WORK ITEM: Below are some entries. Transcribe the lines from the one holding "counting worksheet math" to the one holding "Tablecloth No. 20, hand-embroidered", inclusive, but not the pictures among them.

RECORDS FOR THIS TASK:
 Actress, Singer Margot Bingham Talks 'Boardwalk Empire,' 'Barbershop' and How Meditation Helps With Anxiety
---
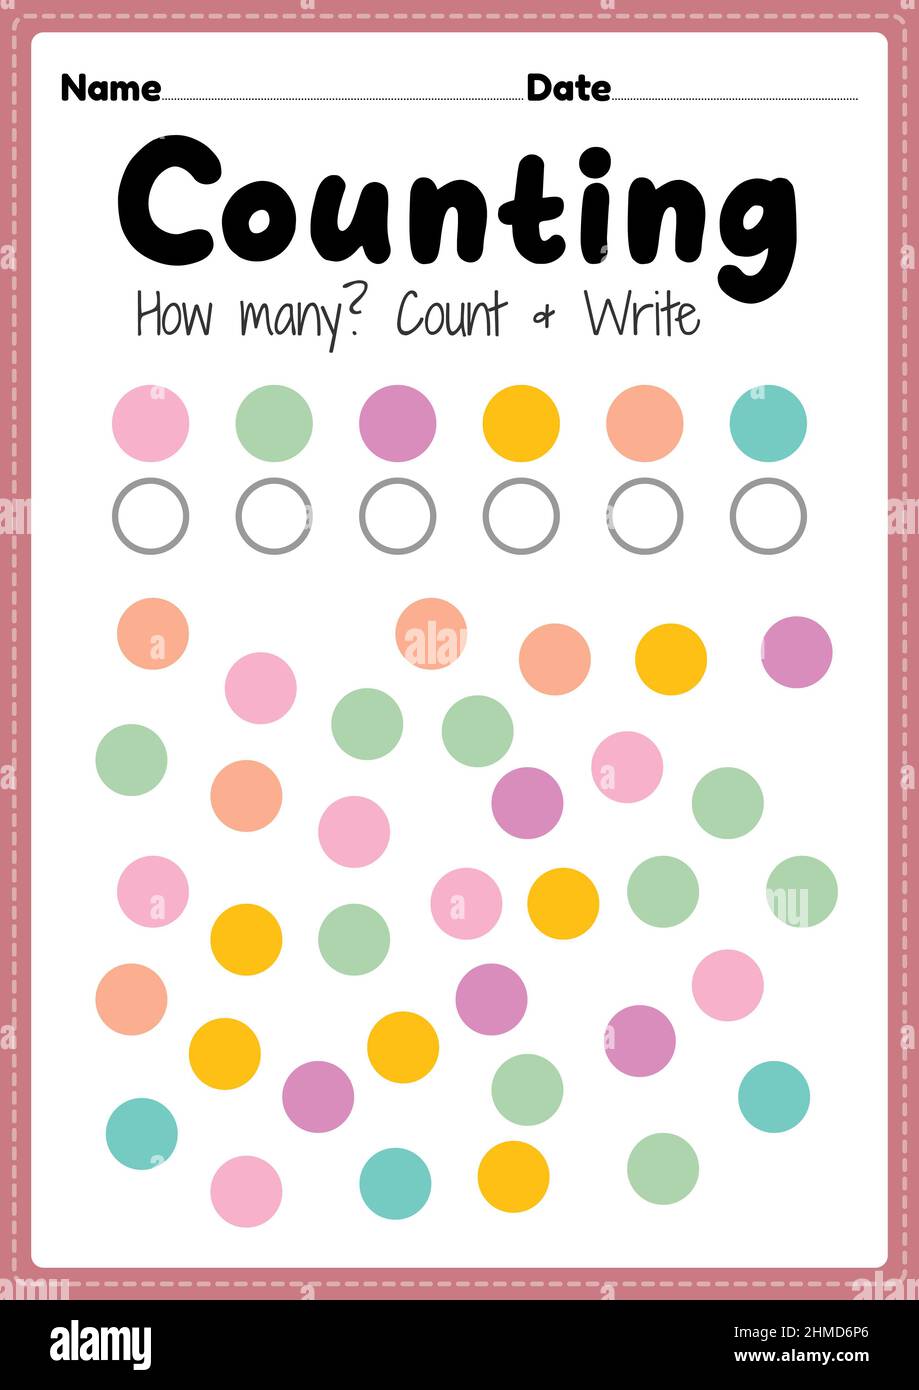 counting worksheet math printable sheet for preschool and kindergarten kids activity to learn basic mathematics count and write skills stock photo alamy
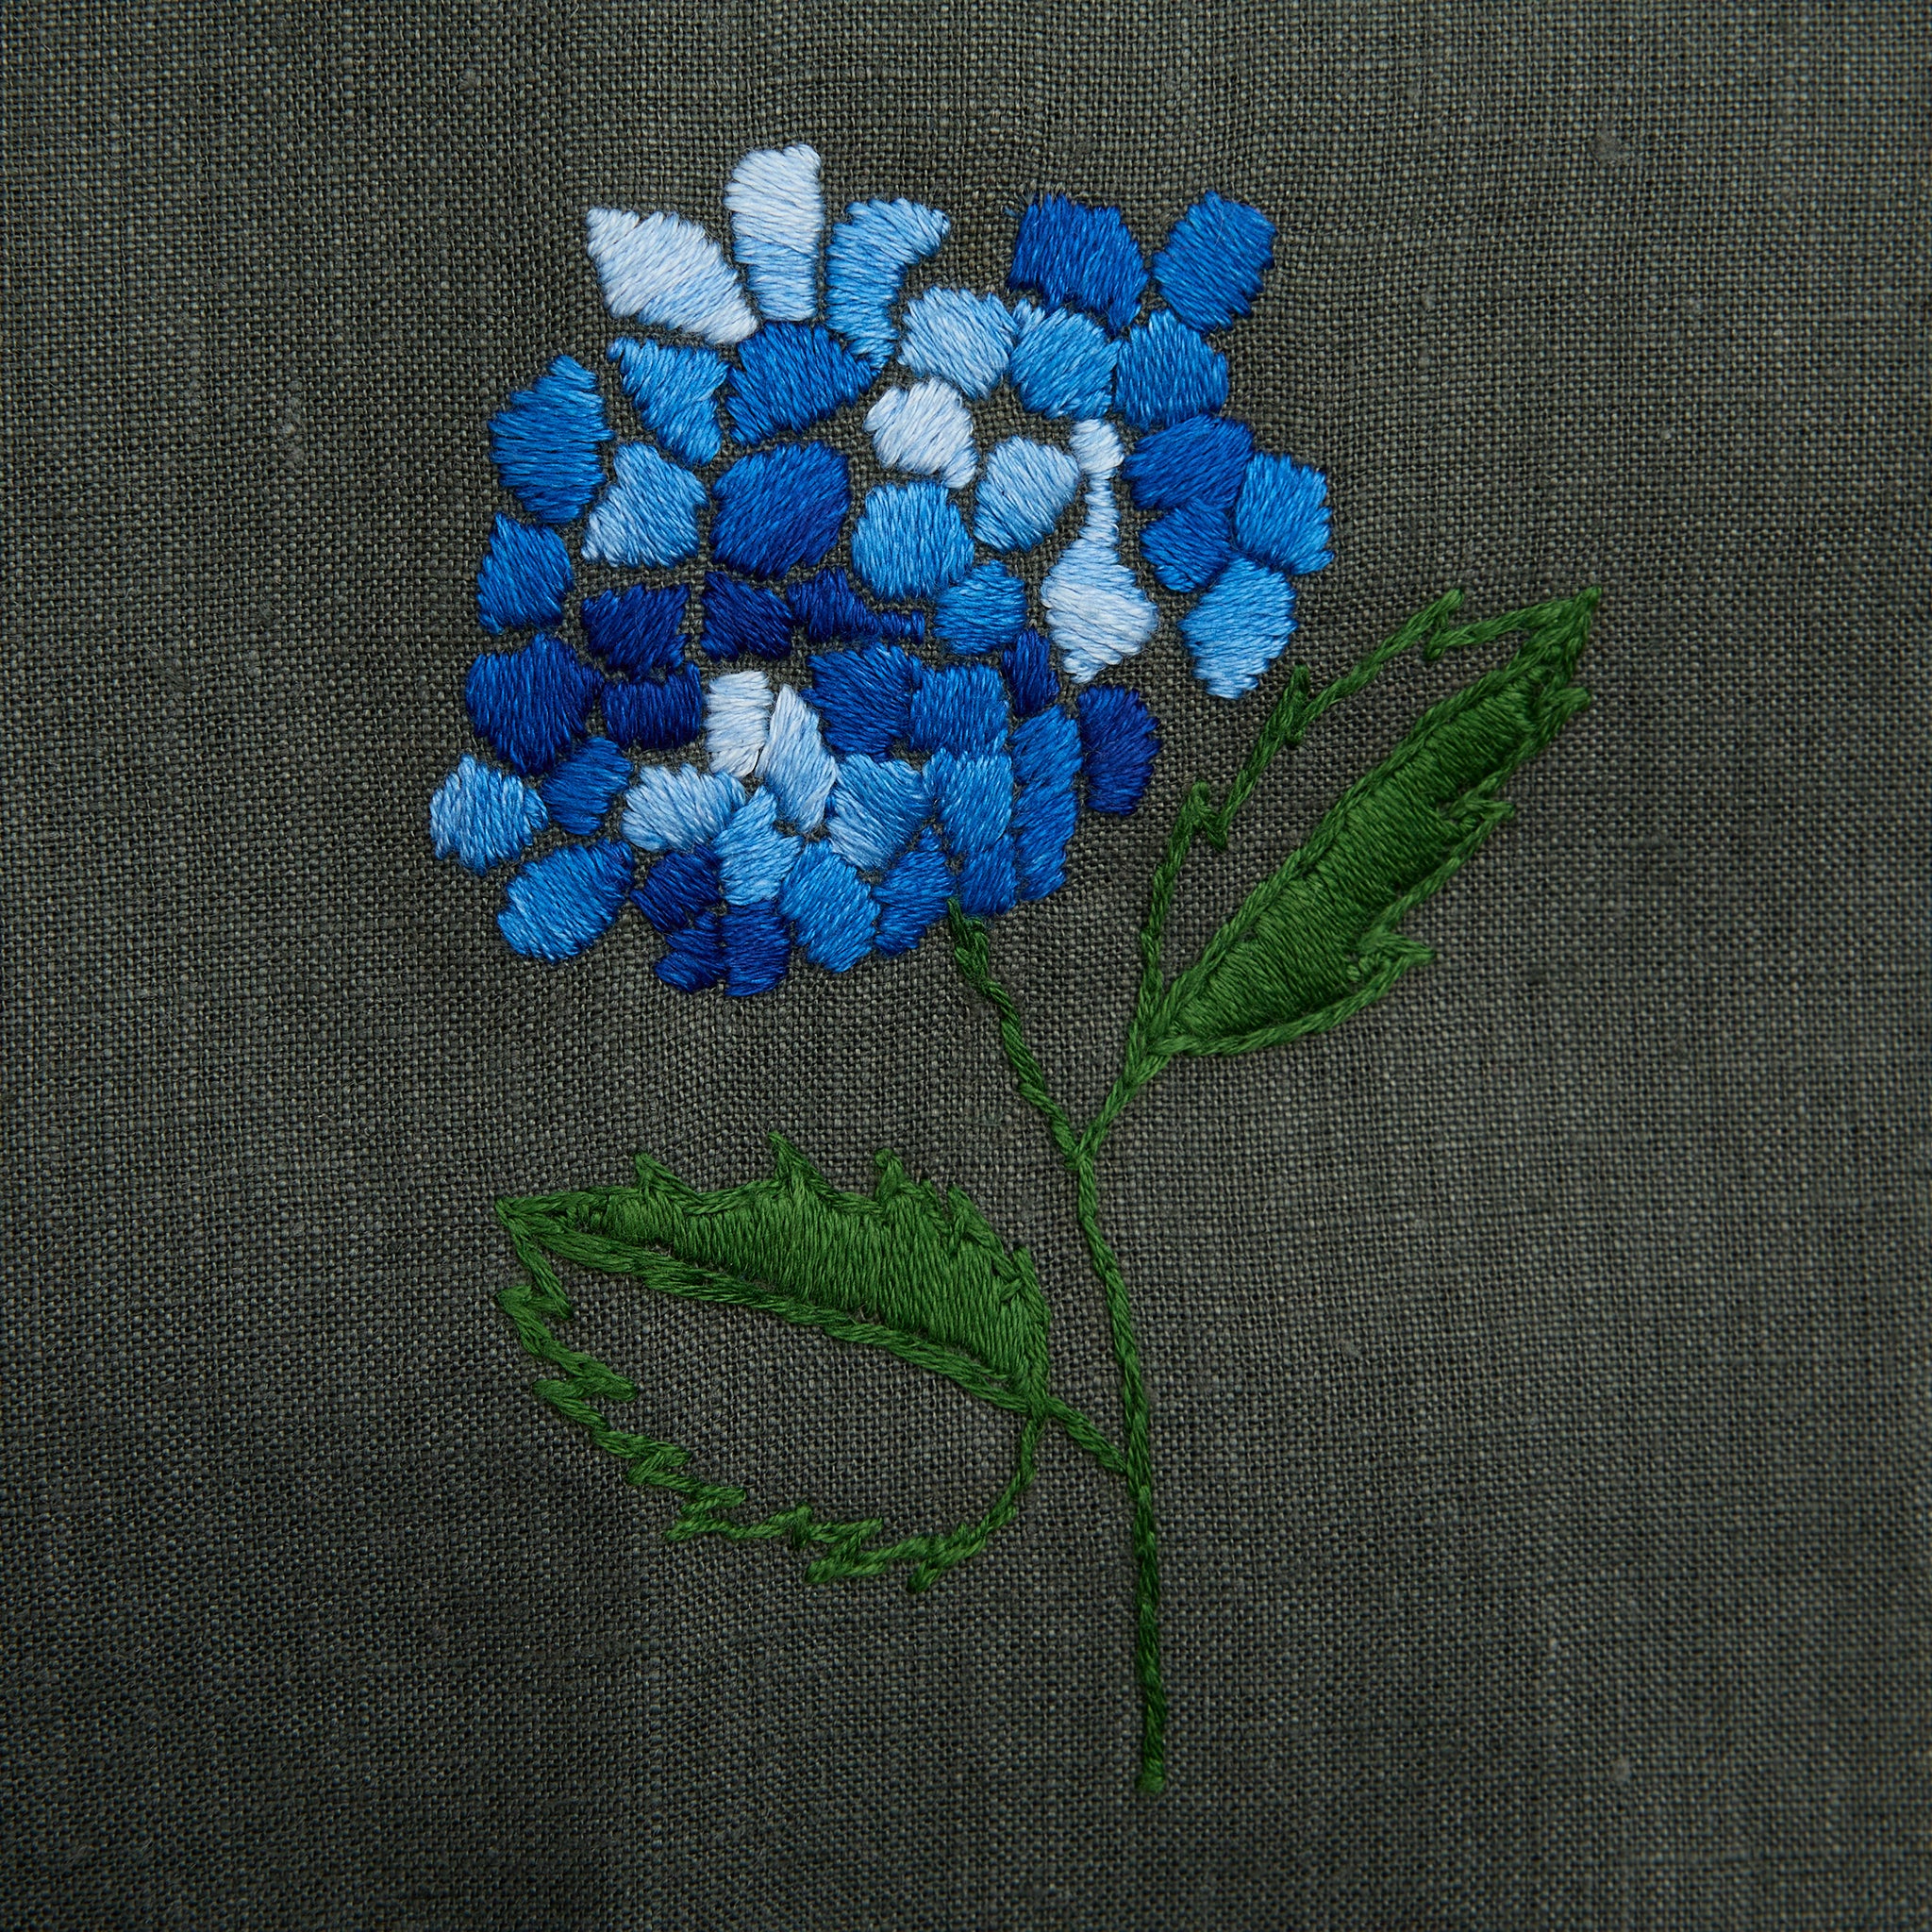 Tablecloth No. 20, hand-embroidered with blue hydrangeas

REPLY TO THE EXERCISE:
 counting worksheet math printable sheet for preschool and kindergarten kids activity to learn basic mathematics count and write skills stock photo alamy
 Tablecloth No. 20, hand-embroidered with blue hydrangeas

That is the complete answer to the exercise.